### SUPPLIED MATERIAL
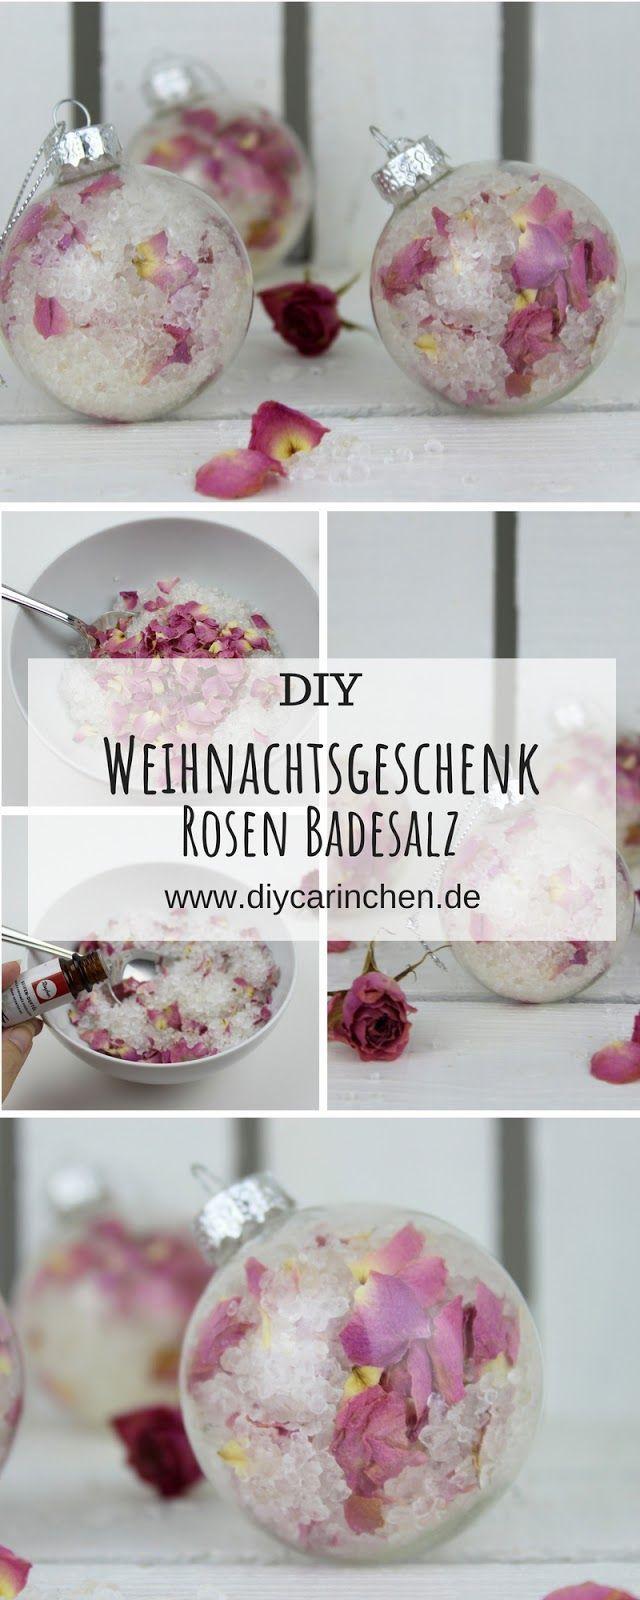 Photo of DIY bath salts with rose petals in Christmas tree balls
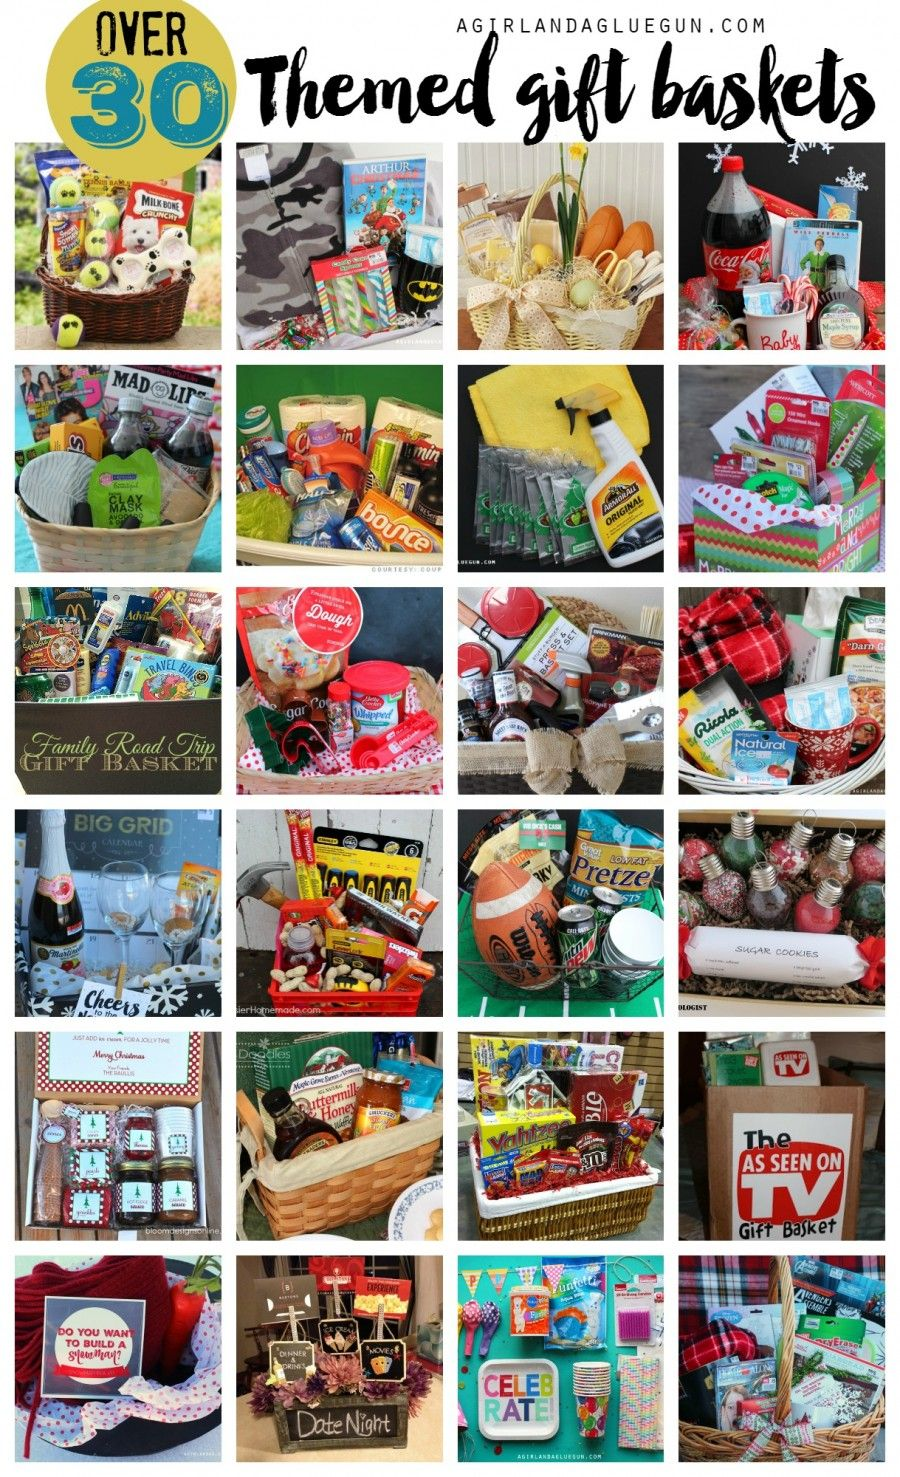 Themed gift basket roundup | diy | Pinterest | Gift baskets, Gifts ...
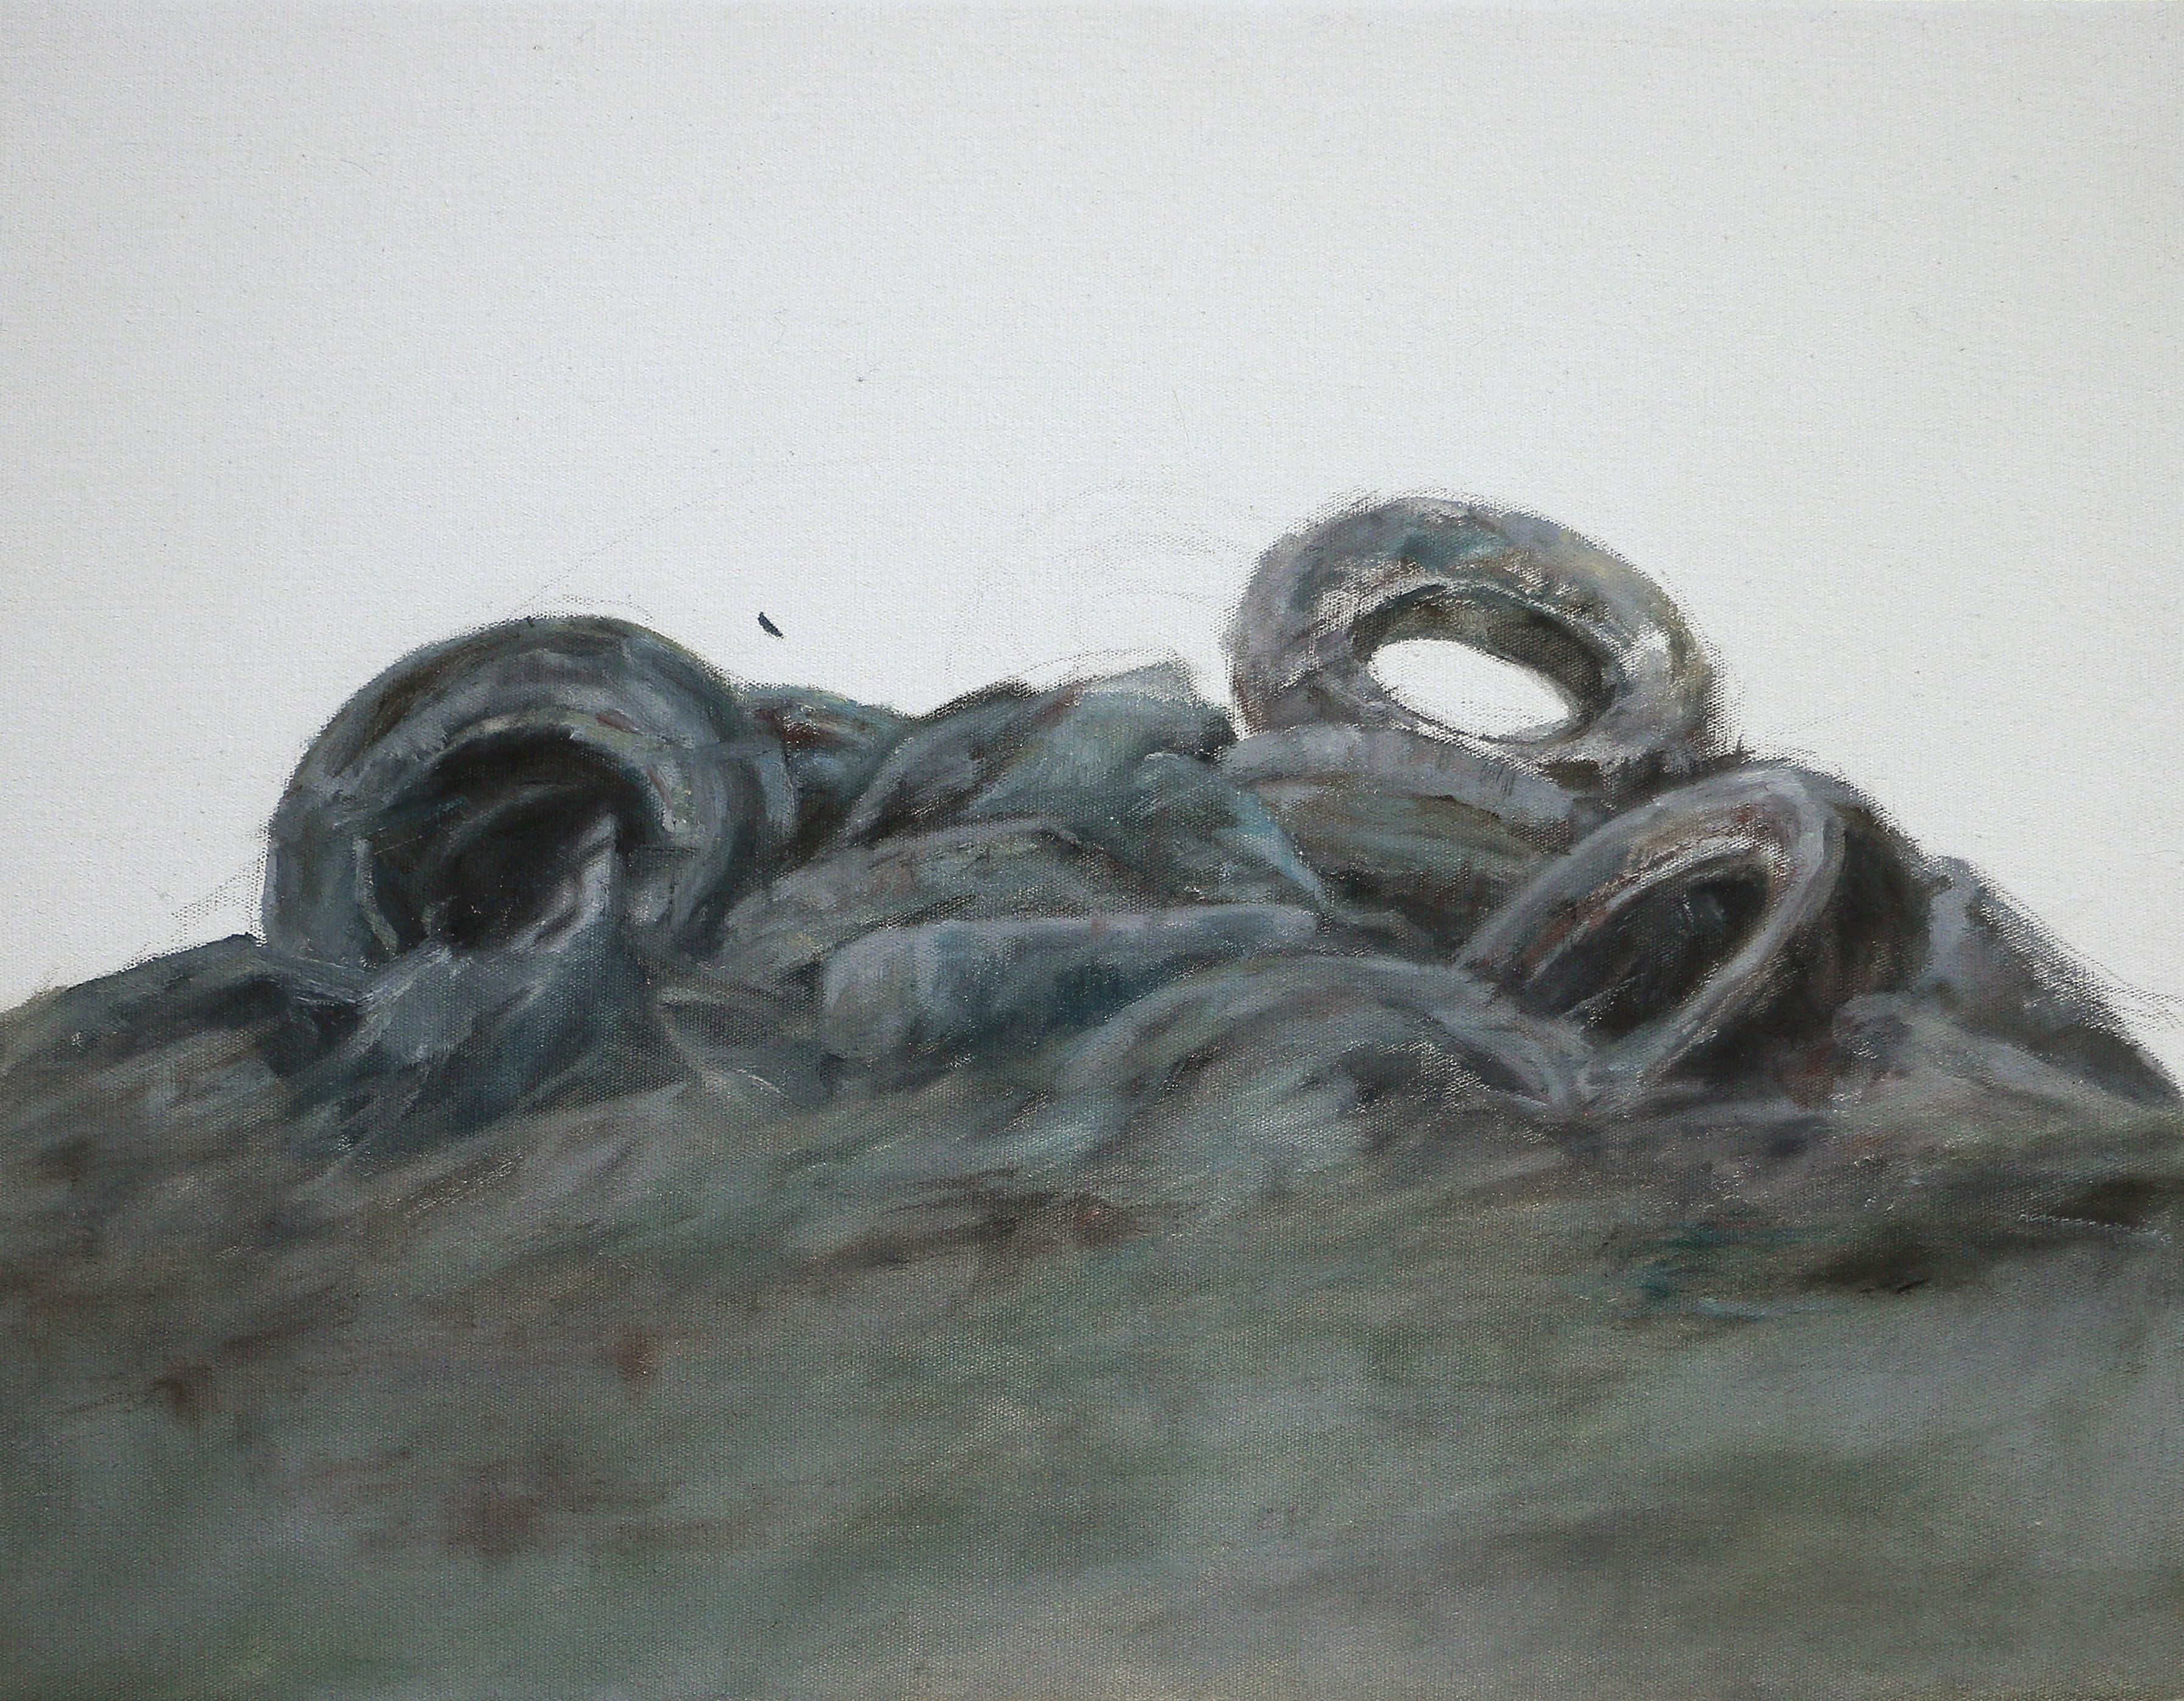 PNEUS#2, 2018, huile sur toile, 16 x 22 cm
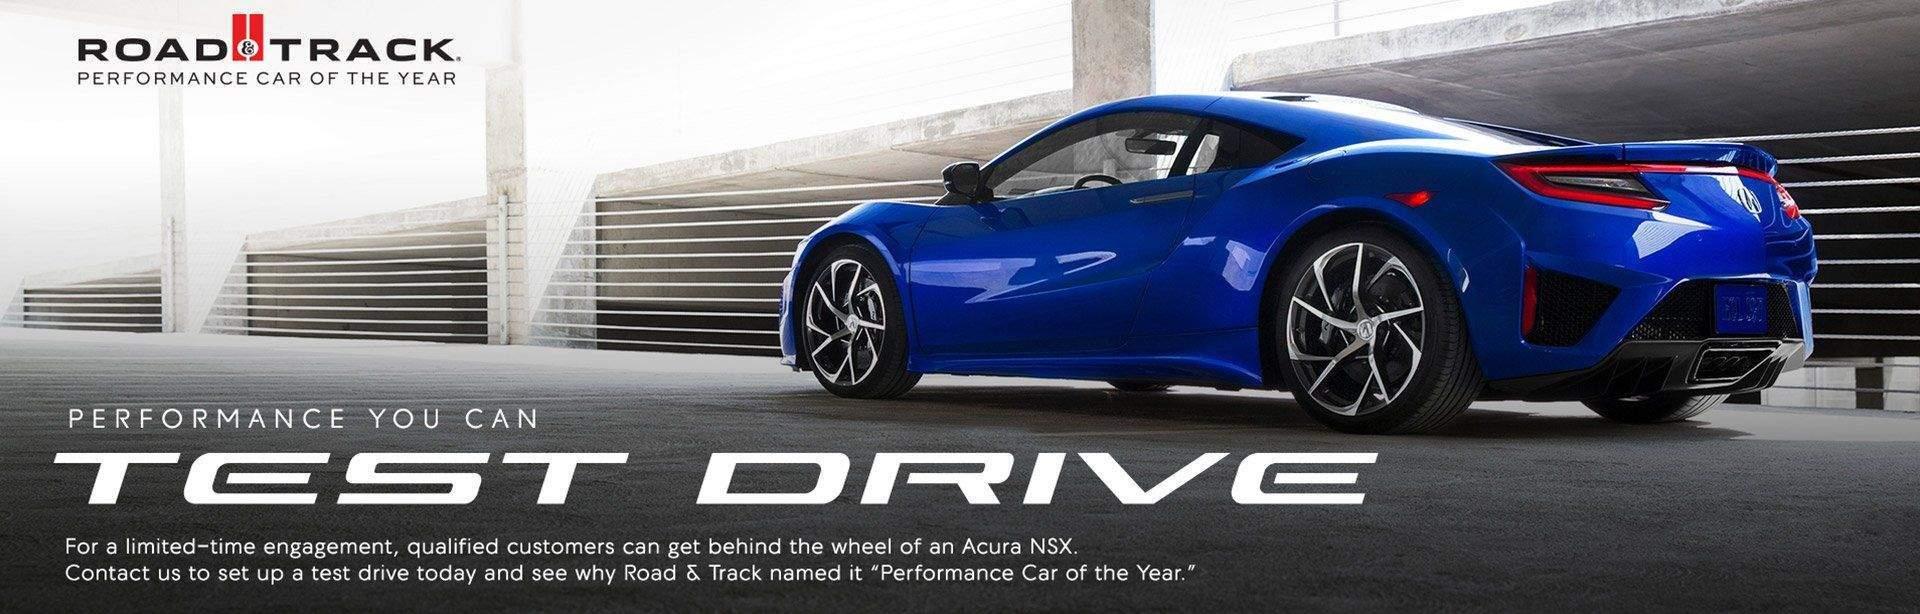 Radley Acura New Used Acura Dealer Serving Fairfax Arlington - Acura dealership in richmond va

### TASK REQUIREMENTS
Retype the data exactly; images stay out.

### WORKED SOLUTION
 Photo of DIY bath salts with rose petals in Christmas tree balls
 Themed gift basket roundup | diy | Pinterest | Gift baskets, Gifts ...
 PNEUS#2, 2018, huile sur toile, 16 x 22 cm
 Radley Acura New Used Acura Dealer Serving Fairfax Arlington - Acura dealership in richmond va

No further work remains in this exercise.